How this skill works

Provide an example page URL and the skill computes semantic embeddings to locate related pages across its index. You can control result count, exclude the source domain, request summaries or structured fields, and choose compact output formats (toon, JSON with jq, or schemas + jq) to reduce token usage. Commands return searchable results with metadata and optional AI-generated summaries.

When to use it

You have one example page and want more pages with the same topic or style.
You need quick discovery of related research papers or news on the same subject.
You want to build curated reading lists or competitor monitoring from a seed URL.
You must extract consistent structured data (company, funding, author) across similar pages.
You need token-efficient output for downstream automation or pipelines.

Best practices

Pick one output strategy and stick with it: toon for reading, JSON+jq for field extraction, or schemas+jq for structured results.
Avoid the --text flag; prefer summaries or schemas to limit token usage.
Wrap summary schemas in an object with type: 'object' to satisfy API validation.
Use --num-results to limit returned items and reduce token cost.
Do not pipe toon output to jq; toon is YAML-like.
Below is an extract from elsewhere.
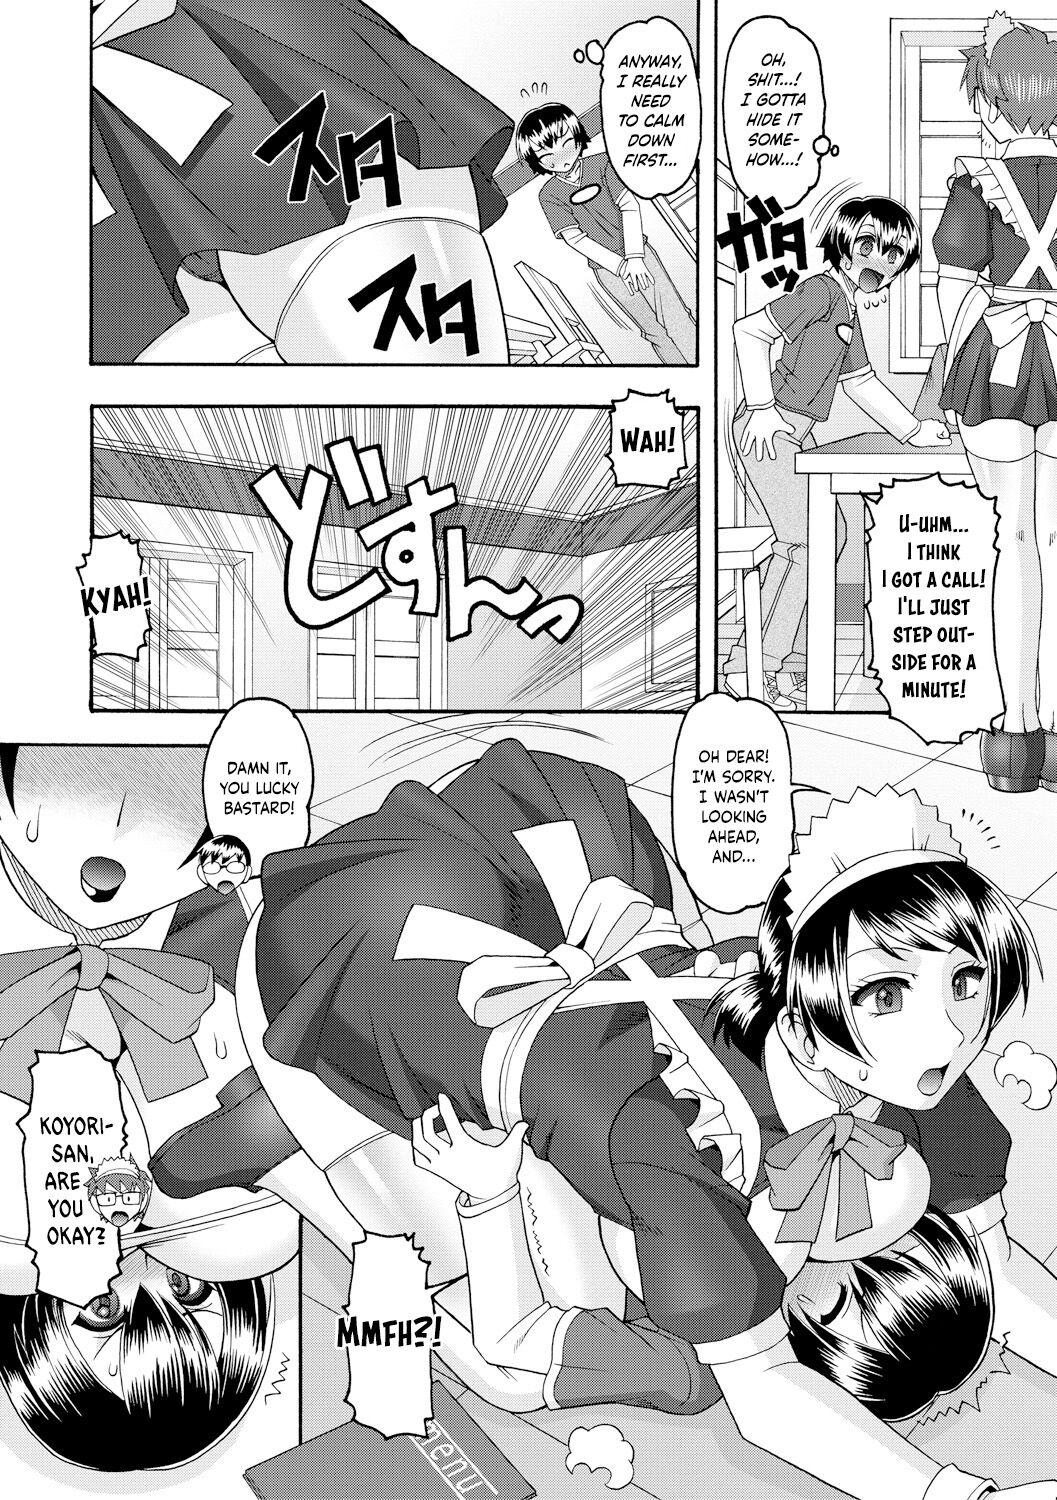 Maid OVER 30 Chapters 1-6 3

Use JSON output if you intend to parse with jq.
Break complex shell workflows into sequential steps and avoid nested command substitutions.

Example use cases

Find news articles and blog posts similar to a high-traffic industry report for content planning.
Discover academic papers related to a known arXiv URL when preparing a literature review.
Extract funding amounts and company names from similar startup coverage using a summary schema piped to jq.
Create a daily watchlist of competitor pages similar to a flagship product page while excluding the source domain.
Quickly produce a compact human-readable list of three top similar pages using --output-format toon.

FAQ

Which output format should I choose?

Choose based on your workflow: use toon for compact human-readable output, JSON+jq for simple field extraction, or schemas+jq for validated structured data.

How do I keep token usage low?

Use summaries or summary schemas, limit results with --num-results, and avoid raw --text extraction. Prefer toon or JSON+jq patterns described above.